Представляешь? Предъявила ультиматум, вручила ноту и спокойно удалилась на собственную жилпощадь.

И дверь за собой закрыла.

История вторая

Двадцать лет назад это была трехкомнатная коммунальная квартира на три семьи. Анна Яковлевна с дочерью Верой занимала небольшую тихую комнатку в конце коридора.
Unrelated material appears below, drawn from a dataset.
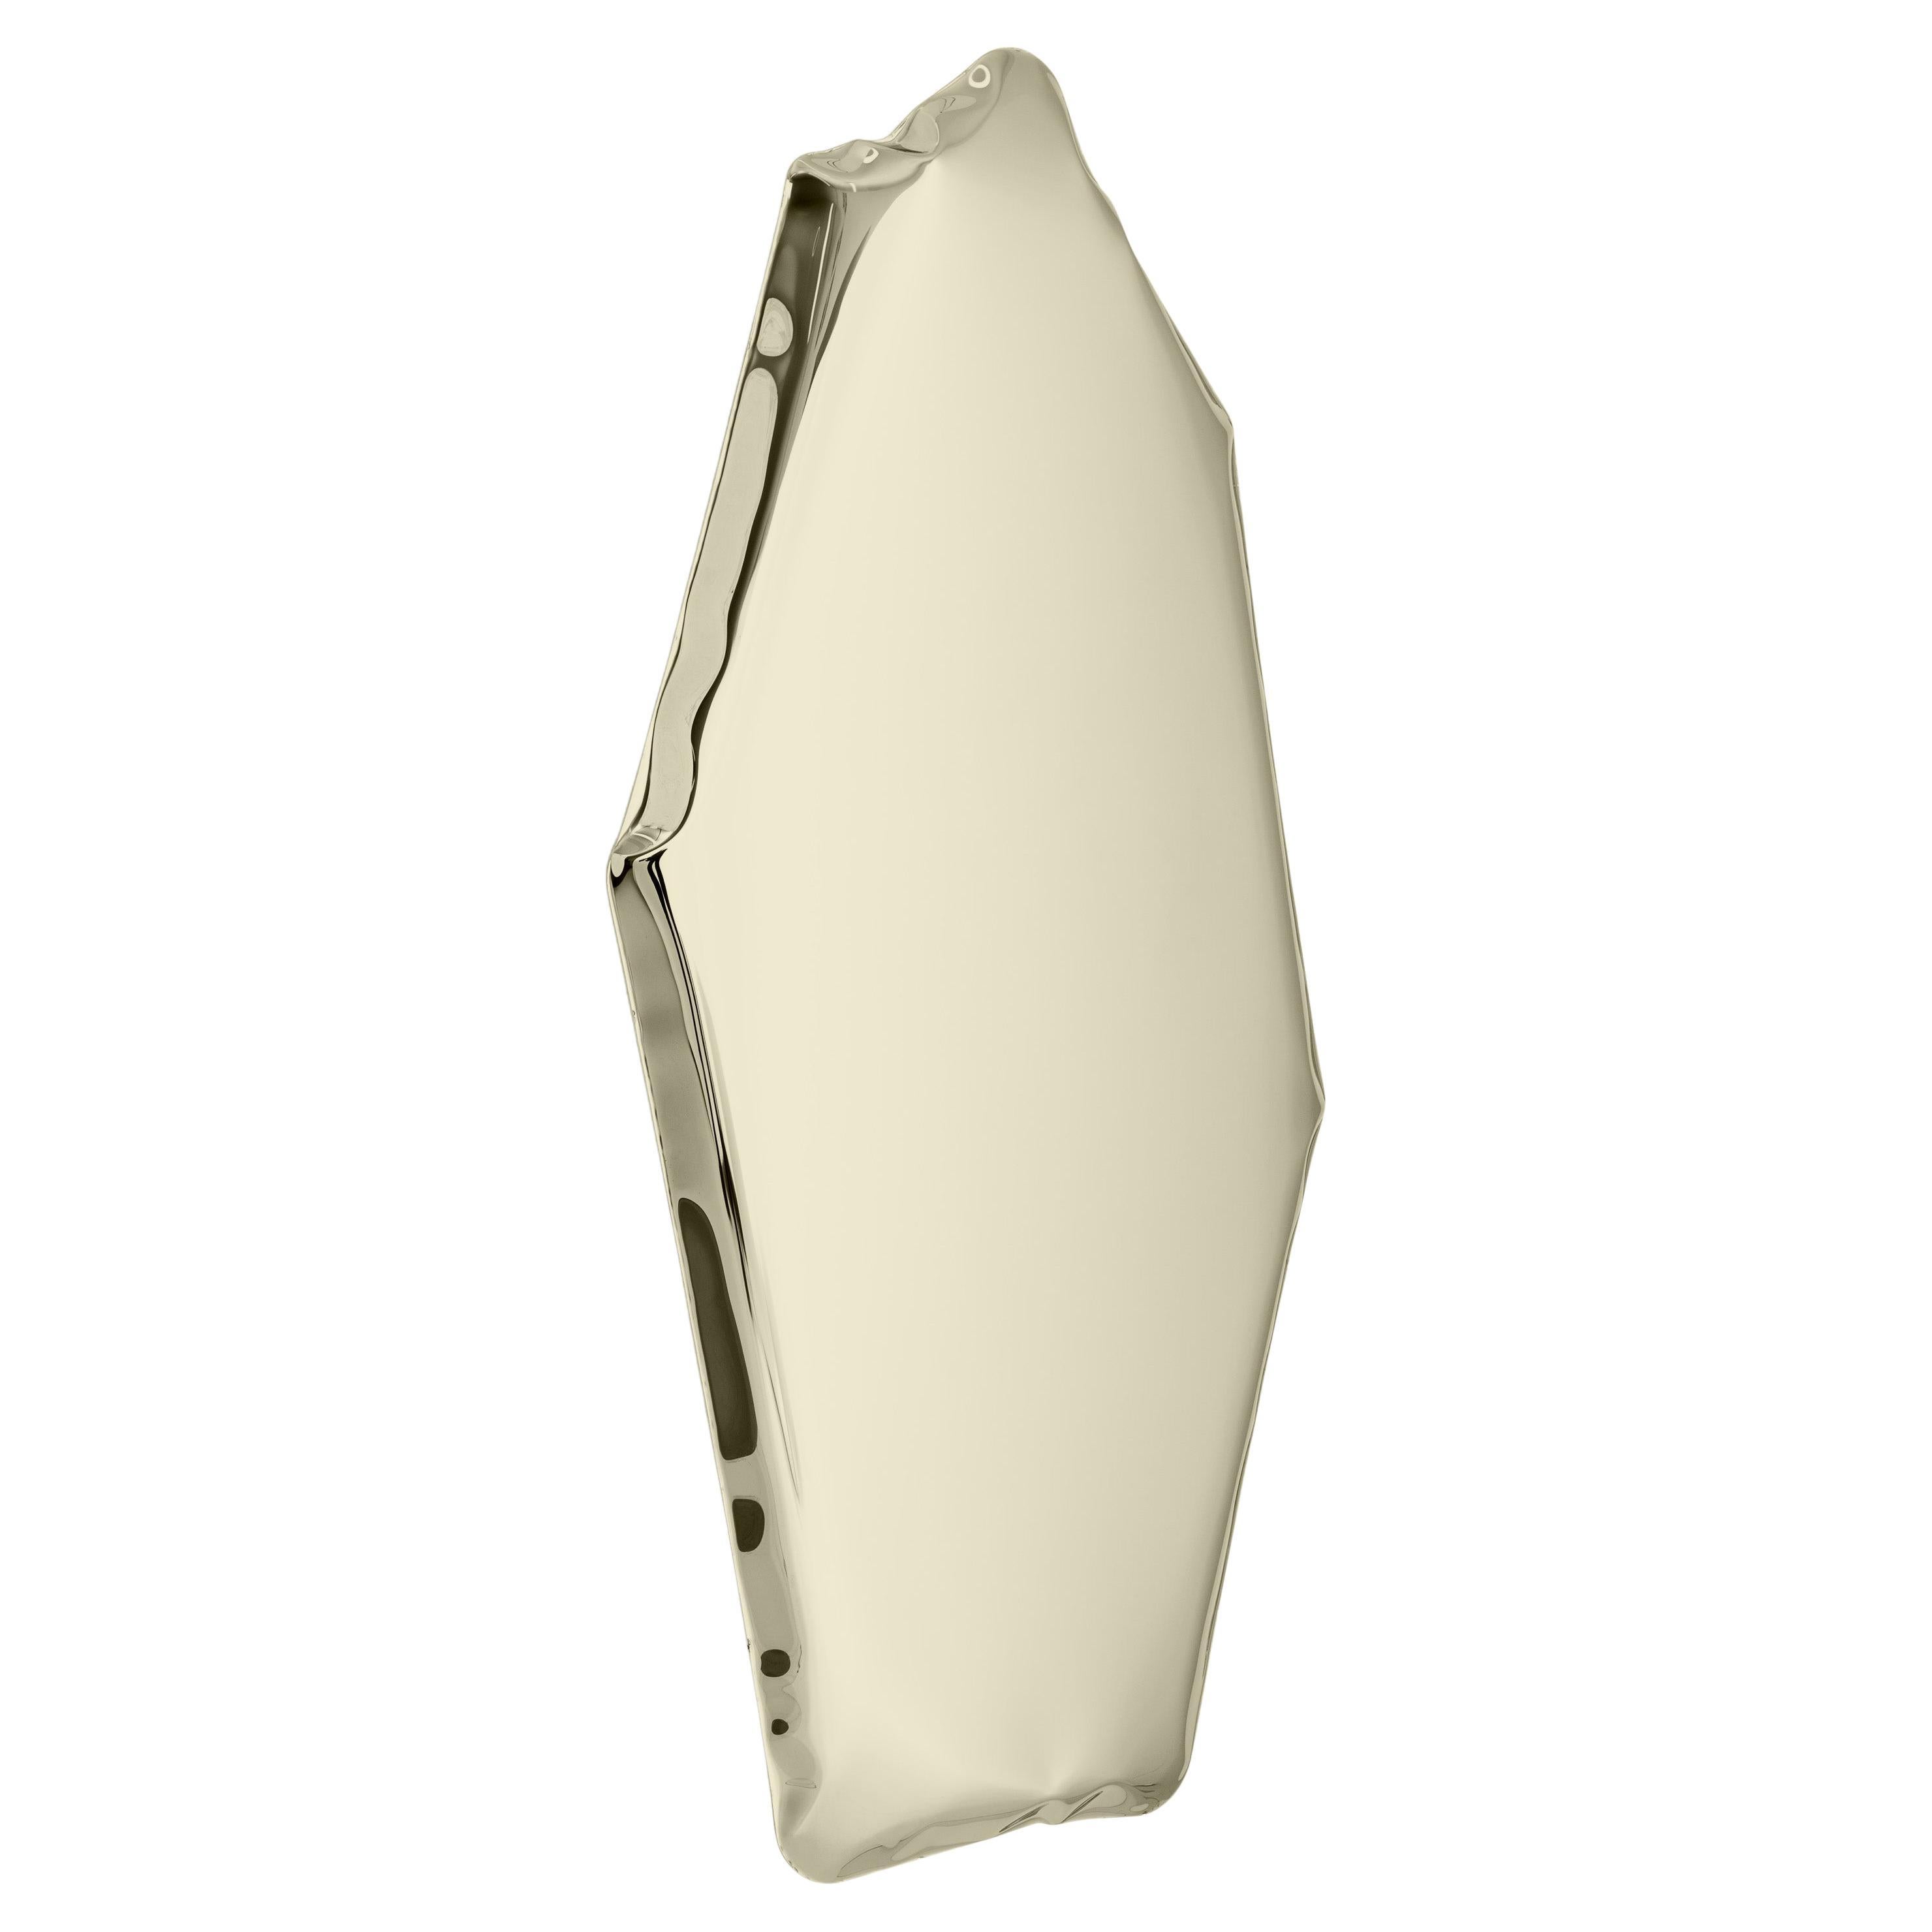 Tafla C4 Polished Stainless Steel Light Gold Color Wall Mirror by Zieta For Sale

На двадцатом году Вера вышла замуж, а когда подошло время родиться Витасику, молодые перебрались к Анне Яковлевне, обменявшись комнатами с ее соседом, который очень любил Верочку и охотно пошел на обмен, чтобы дать возможность Анне Яковлевне объединиться с детьми и снять с Верочки заботу о ребенке. Через несколько лет освободилась и третья, большая светлая комната. Зять Николай Сигизмундович к тому времени уже имел ученое звание, ему полагалась дополнительная площадь. Комната осталась за ними.

Квартира была заново отремонтирована, благоустроена, и наконец-то Вербицкие зажили «по-человечески». У молодых была хорошо обставленная спальня. Витасик жил с бабушкой в ее комнатке, а столовая служила и гостиной, и приемной Николая Сигизмундовича, когда к нему приходили его сотрудники по институту. Семь лет назад семья Вербицких неожиданно увеличилась. Приехал племянник Николая Сигизмундовича, единственный сын его любимого старшего брата, который в свое время заменил для Николая Сигизмундовича рано умершего отца.

Игорек, очень симпатичный, воспитанный мальчик, приехал учиться в институт Николая Сигизмундовича. Конечно, невозможно было допустить, чтобы Игорек скитался по общежитиям, он должен был жить в семье дяди, под его руководством и опекой.

Положение создалось критическое. Где-то нужно было поставить еще одну кровать, и мальчику нужен отдельный рабочий стол. Приходилось жертвовать столовой.

Выход из положения нашла бабушка. Она переселилась в кухню, а ее комнату стали называть комнатой мальчиков.

Несмотря на разницу в годах — Витасику было всего девять лет, — мальчики очень дружили и прекрасно уживались в небольшой бабушкиной комнатке.

А в кухне, перегороженной большим старым буфетом, за ситцевой портьерой, получился довольно уютный угол. В него свободно вместилась раскладушка, небольшой столик и ножная швейная машина, с которой бабушка не расставалась.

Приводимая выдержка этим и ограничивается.